• Provided entries:
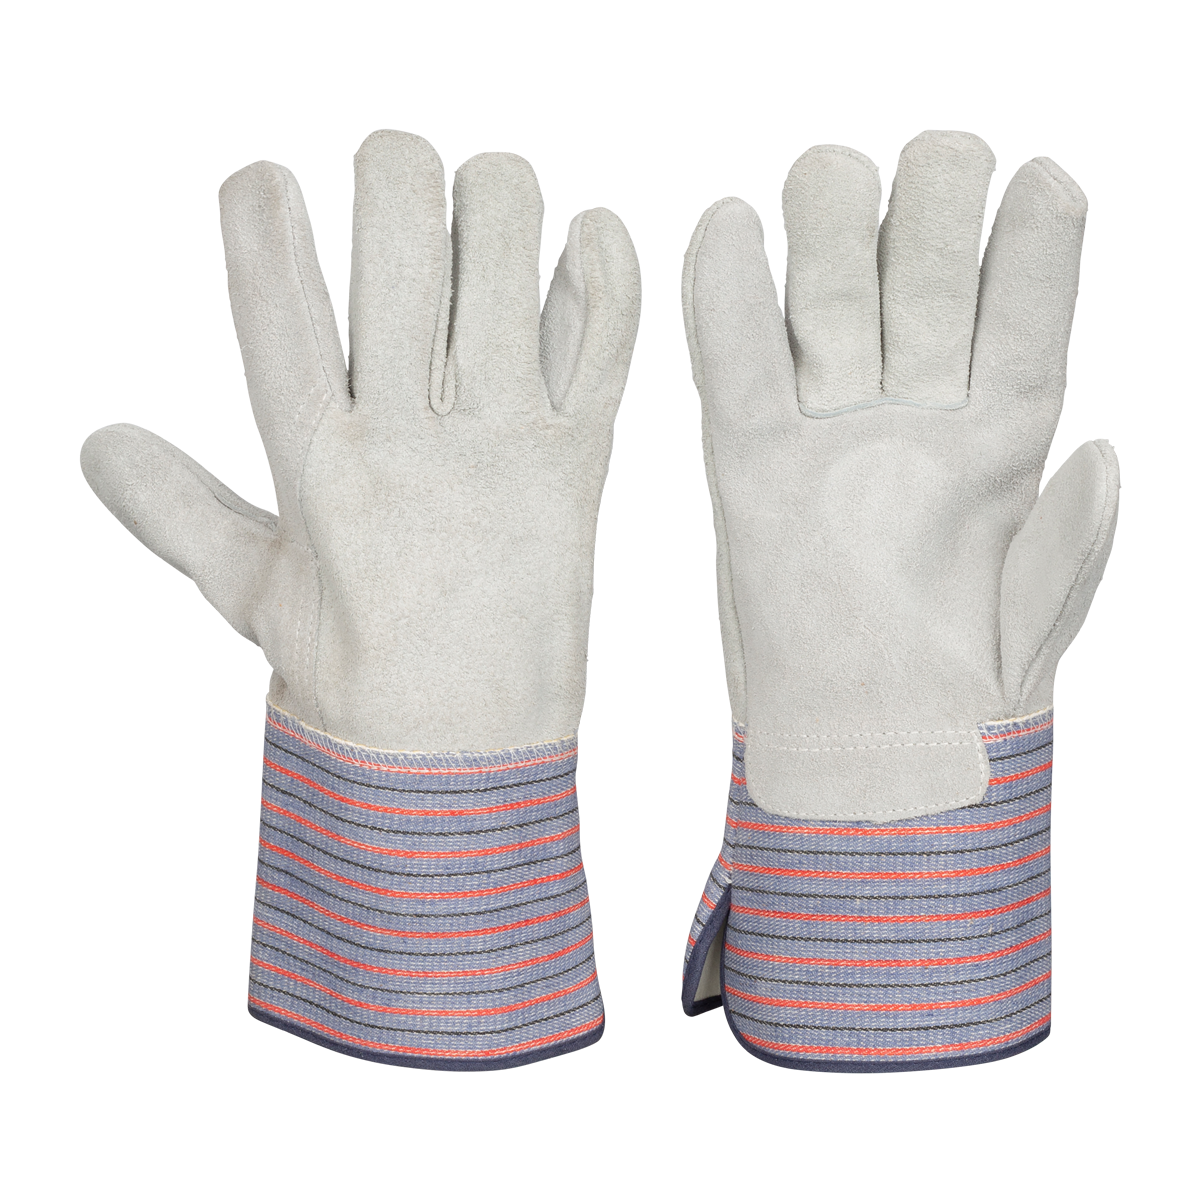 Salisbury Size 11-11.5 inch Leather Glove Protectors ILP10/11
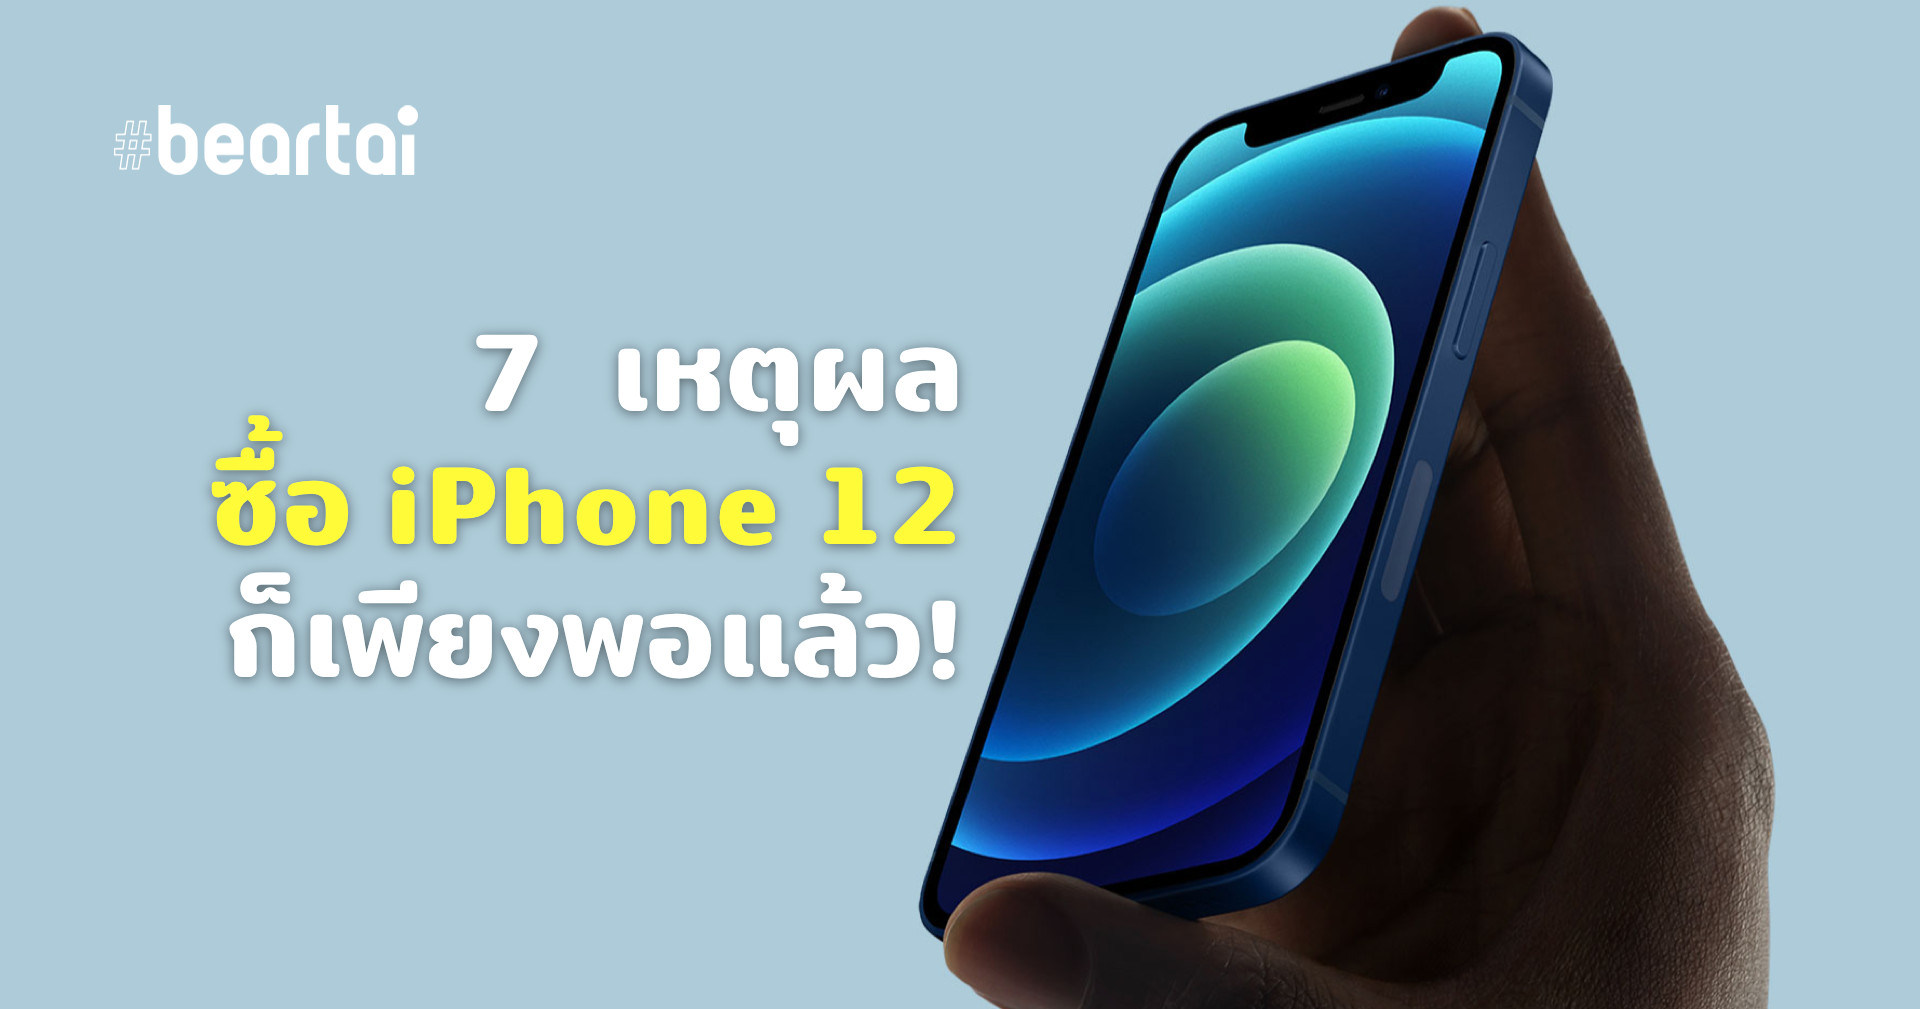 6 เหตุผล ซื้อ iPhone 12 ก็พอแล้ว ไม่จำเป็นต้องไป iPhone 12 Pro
==
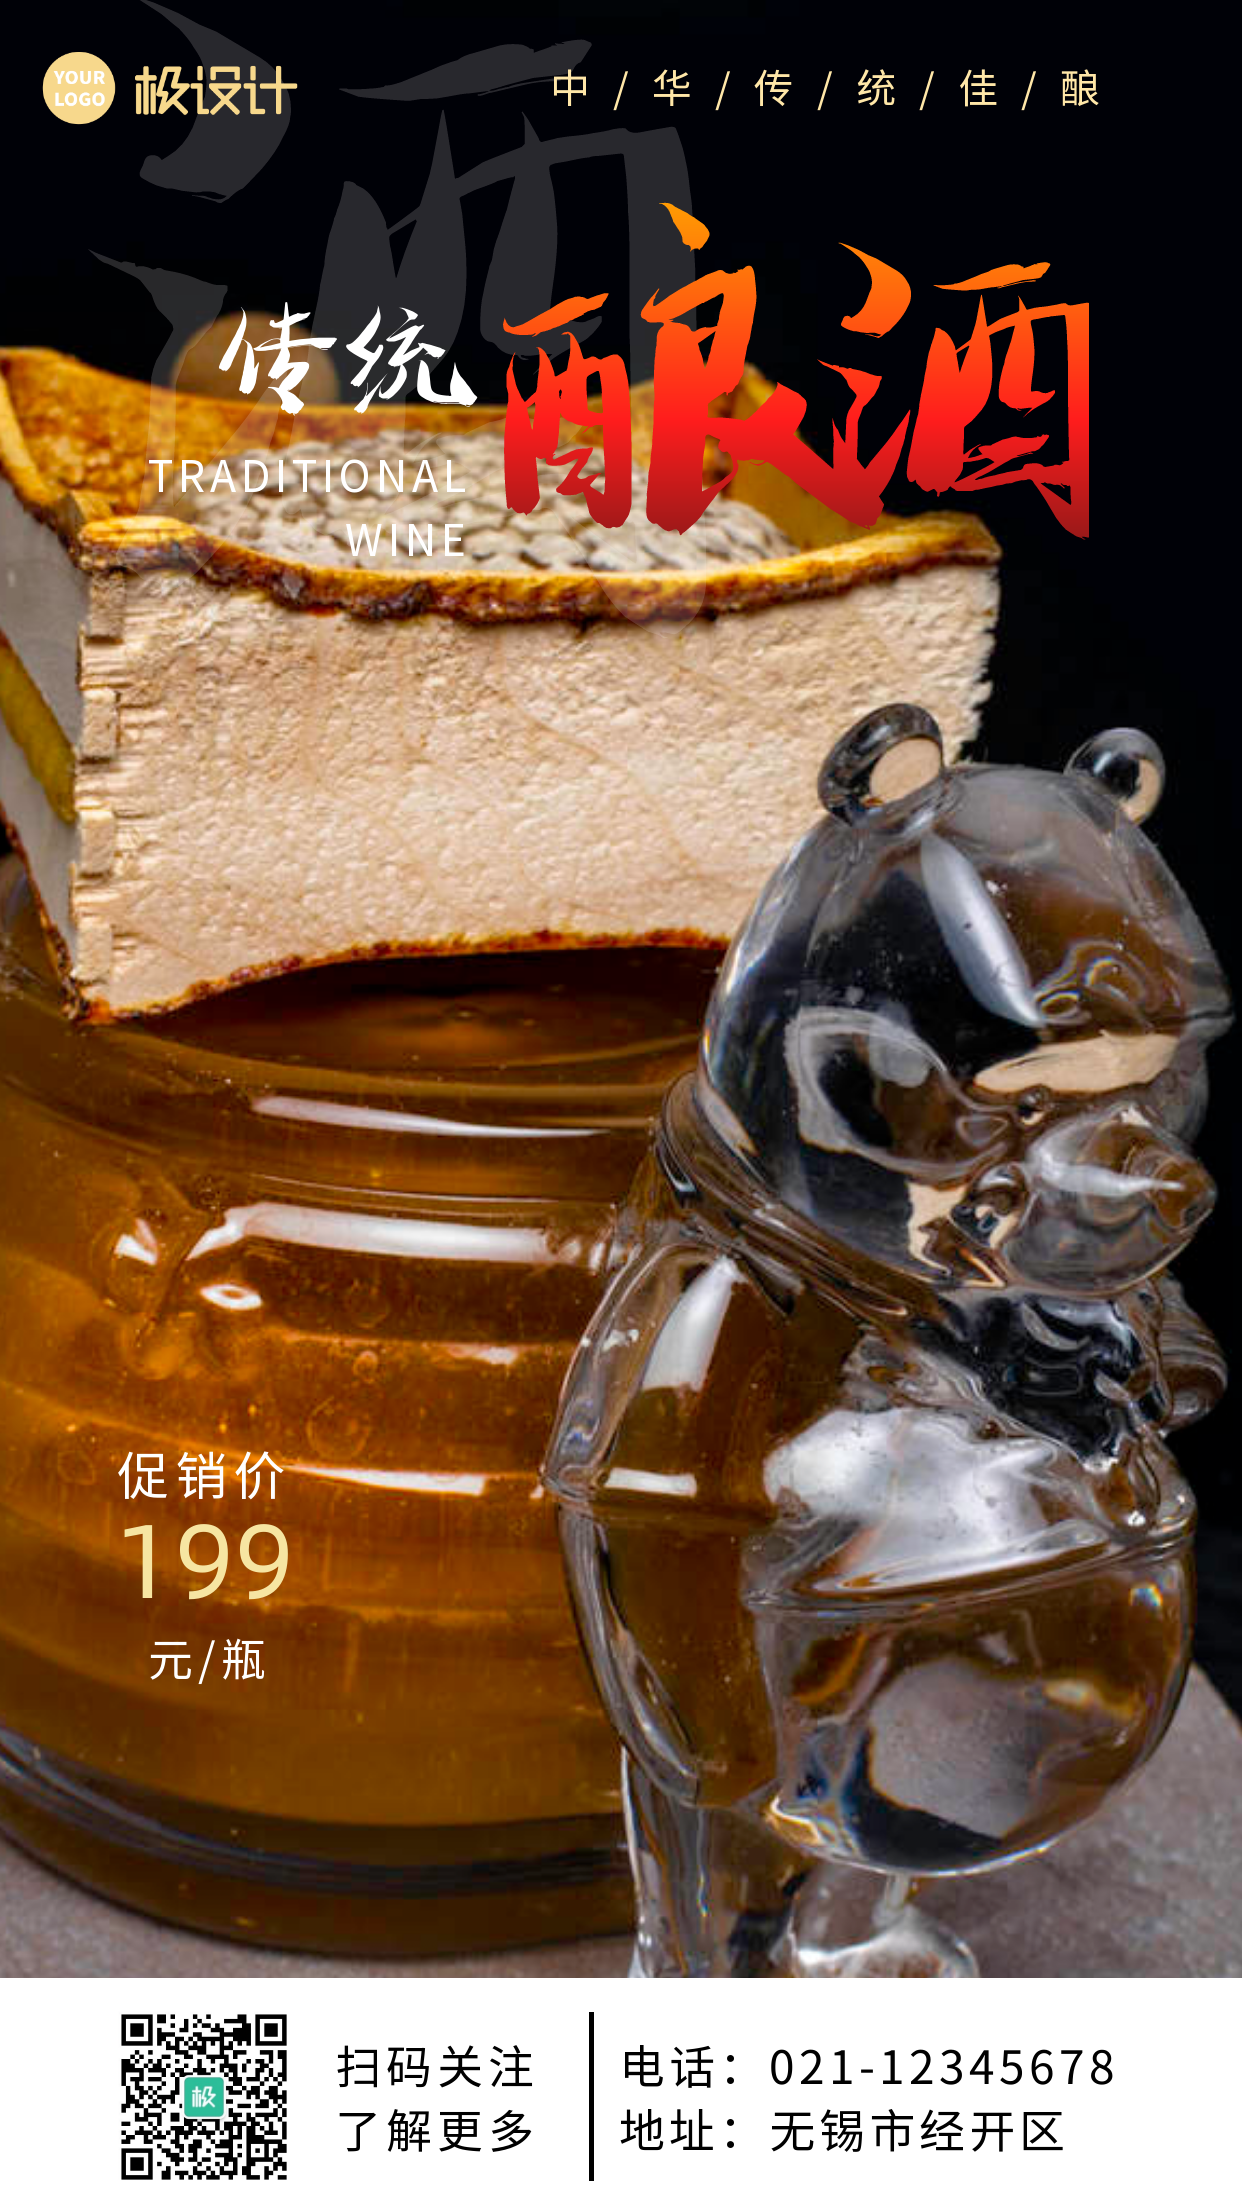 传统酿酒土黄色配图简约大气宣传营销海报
--
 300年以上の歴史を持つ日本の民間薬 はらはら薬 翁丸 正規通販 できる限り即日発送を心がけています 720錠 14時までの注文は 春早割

• About this task: Exact copy, pictures excluded: from the line with "Salisbury Size 11-11.5" up to and including the line with "6 เหตุผล ซื้อ" in the data above.

• Your response:
 Salisbury Size 11-11.5 inch Leather Glove Protectors ILP10/11
 6 เหตุผล ซื้อ iPhone 12 ก็พอแล้ว ไม่จำเป็นต้องไป iPhone 12 Pro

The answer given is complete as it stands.